Note: This bug is displayed in read-only format because the product is no longer active in Red Hat Bugzilla.

Bug 1445484

Summary: Set IN_PROGRESS resources as FAILED when heat engine is restarted
Product: Red Hat OpenStack Reporter: Andreas Karis <akaris>
Component: openstack-heatAssignee: Thomas Hervé <therve>
Status: CLOSED ERRATA QA Contact: Amit Ugol <augol>
Severity: medium Docs Contact:
Priority: medium    
Version: 10.0 (Newton)CC: akaris, marjones, mburns, mimcclur, ramishra, rhel-osp-director-maint, sbaker, sclewis, shardy, srevivo, therve
Target Milestone: z9Keywords: Reopened, Triaged, ZStream
Target Release: 10.0 (Newton)   
Hardware: Unspecified   
OS: Unspecified   
Whiteboard:
Fixed In Version: openstack-heat-7.0.6-3.el7ost Doc Type: If docs needed, set a value
Doc Text:
Story Points: ---
Clone Of: Environment:
Last Closed: 2018-09-17 16:57:52 UTC Type: Bug
Regression: --- Mount Type: ---
Documentation: --- CRM:
Verified Versions: Category: ---
oVirt Team: --- RHEL 7.3 requirements from Atomic Host:
Cloudforms Team: --- Target Upstream Version:
Embargoed:

Description Andreas Karis 2017-04-25 18:34:55 UTC
Description of problem:
Set IN_PROGRESS resources as FAILED when heat engine is restarted

Prior to OSP 10, stopping heat services and starting them again would
make all resources go to FAILED state. From there, it was easy to
delete the stack. In OSP 10, when a stack is stuck, timing out ...
this method does not bring the stack into FAILED it keeps the
DELETE_IN_PROGRESS (or UPDATE_IN_PROGRESS) which the stack had before.

While this is less critical on a stack delete (because the nested stacks can be deleted), there are situations in which the stack is stuck in UPDATE_IN_PROGRESS and even heat resource-signal does not bring the IN_PROGRESS resources forward. A restart of heat-engine does not help here. This seems to be a regression from OSP 9 to 10.

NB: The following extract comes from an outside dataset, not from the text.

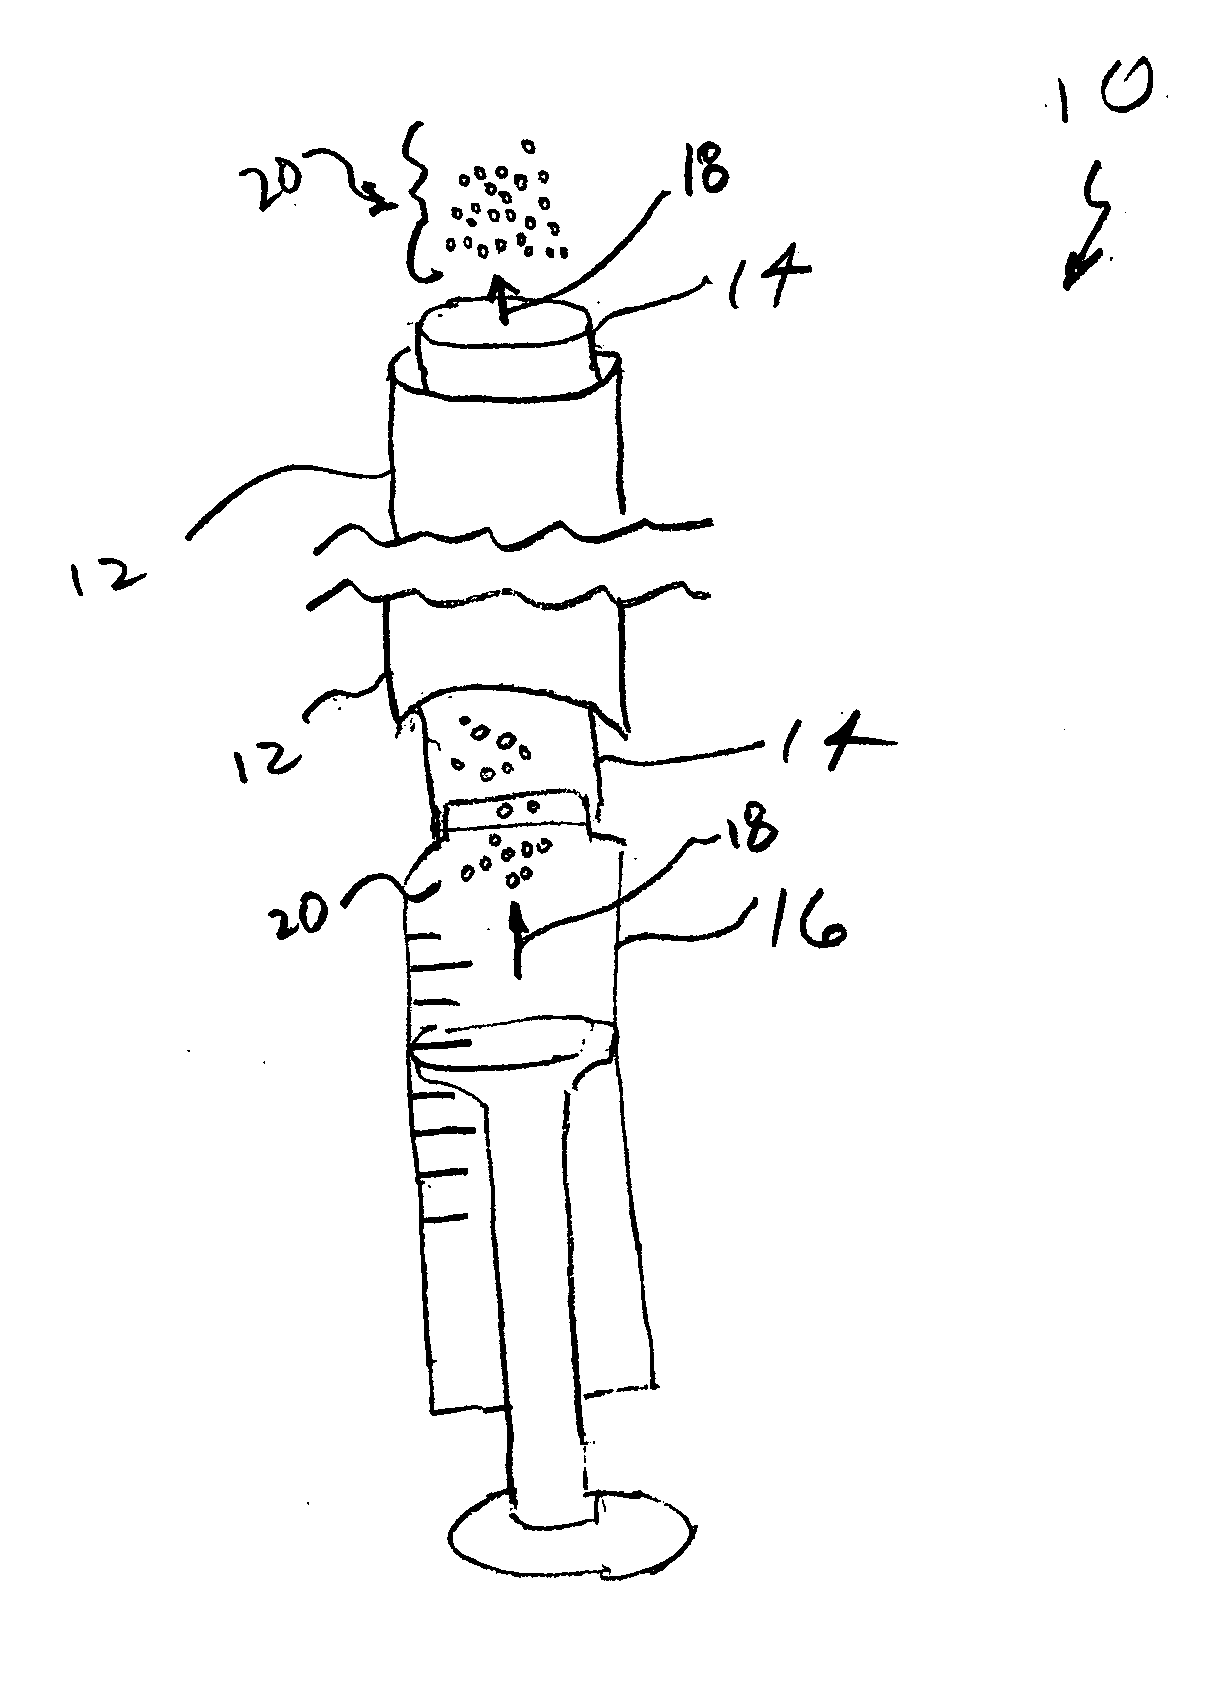 Radio-opaque hemostatic agents and devices and methods for the delivery thereof

This is happening with the tripleo overcloud stack (deployed by the undercloud).


If this is an improvement, then we should have a command that allows us to set IN_PROGRESS resources to FAILED.

Thanks,

Andreas

Comment 1 Andreas Karis 2017-04-25 18:37:21 UTC
FYI, looks as if we have to rerun a restart of heat services multiple times (at least 2x) now before it takes effect.

Comment 2 Zane Bitter 2017-04-25 19:17:15 UTC
This is definitely not intentional. I wonder if https://review.openstack.org/#/c/320348/ is the cause - there was a problem with an earlier version of the patch (https://bugs.launchpad.net/heat/+bug/1584724). Can you attach some logs so we can see what is going on?

There actually is now (since Newton) a command that you can use to reset a stack if necessary: "heat-manage reset_stack_status".

Comment 3 Andreas Karis 2017-04-25 19:43:01 UTC
Oh, awesome:

[root@undercloud-1 ~]# systemctl stop openstack-heat-engine
[root@undercloud-1 ~]# heat-manage reset_stack_status
[root@undercloud-1 ~]# heat-manage reset_stack_status 693af527-5d28-479b-bab9-5b2510d80d80
Warning: this command is potentially destructive and only intended to recover from specific crashes.
It is advised to shutdown all Heat engines beforehand.
Continue ? [y/N]
y
[root@undercloud-1 ~]# systemctl start openstack-heat-engine
[root@undercloud-1 ~]# . stackrc
[root@undercloud-1 ~]# heat stack-list
WARNING (shell) "heat stack-list" is deprecated, please use "openstack stack list" instead
+--------------------------------------+------------+---------------+----------------------+----------------------+
| id                                   | stack_name | stack_status  | creation_time        | updated_time         |
+--------------------------------------+------------+---------------+----------------------+----------------------+
| 693af527-5d28-479b-bab9-5b2510d80d80 | overcloud  | UPDATE_FAILED | 2017-03-25T22:03:59Z | 2017-04-25T18:21:53Z |
+--------------------------------------+------------+---------------+----------------------+----------------------+
[root@undercloud-1 ~]# 


Let me try to reproduce this and attach logs.

Comment 4 Andreas Karis 2017-04-25 19:57:16 UTC
As always, I cannot recreate this when I need it. In my lab it does now behave well.

However, I hit this today at a (restricted, so it will be hard to get the logs) customer environment. The next time that I hit this issue, I am going to update this bugzilla.

Comment 6 Mike McClure 2018-07-25 15:34:34 UTC
*** Bug 1608022 has been marked as a duplicate of this bug. ***

Comment 15 Alex McLeod 2018-09-03 07:58:35 UTC
Hi there,

If this bug requires doc text for errata release, please set the 'Doc Type' and provide draft text according to the template in the 'Doc Text' field.

The documentation team will review, edit, and approve the text.

If this bug does not require doc text, please set the 'requires_doc_text' flag to -.

Thanks,
Alex

Comment 17 errata-xmlrpc 2018-09-17 16:57:52 UTC
Since the problem described in this bug report should be
resolved in a recent advisory, it has been closed with a
resolution of ERRATA.

For information on the advisory, and where to find the updated
files, follow the link below.

If the solution does not work for you, open a new bug report.

https://access.redhat.com/errata/RHBA-2018:2716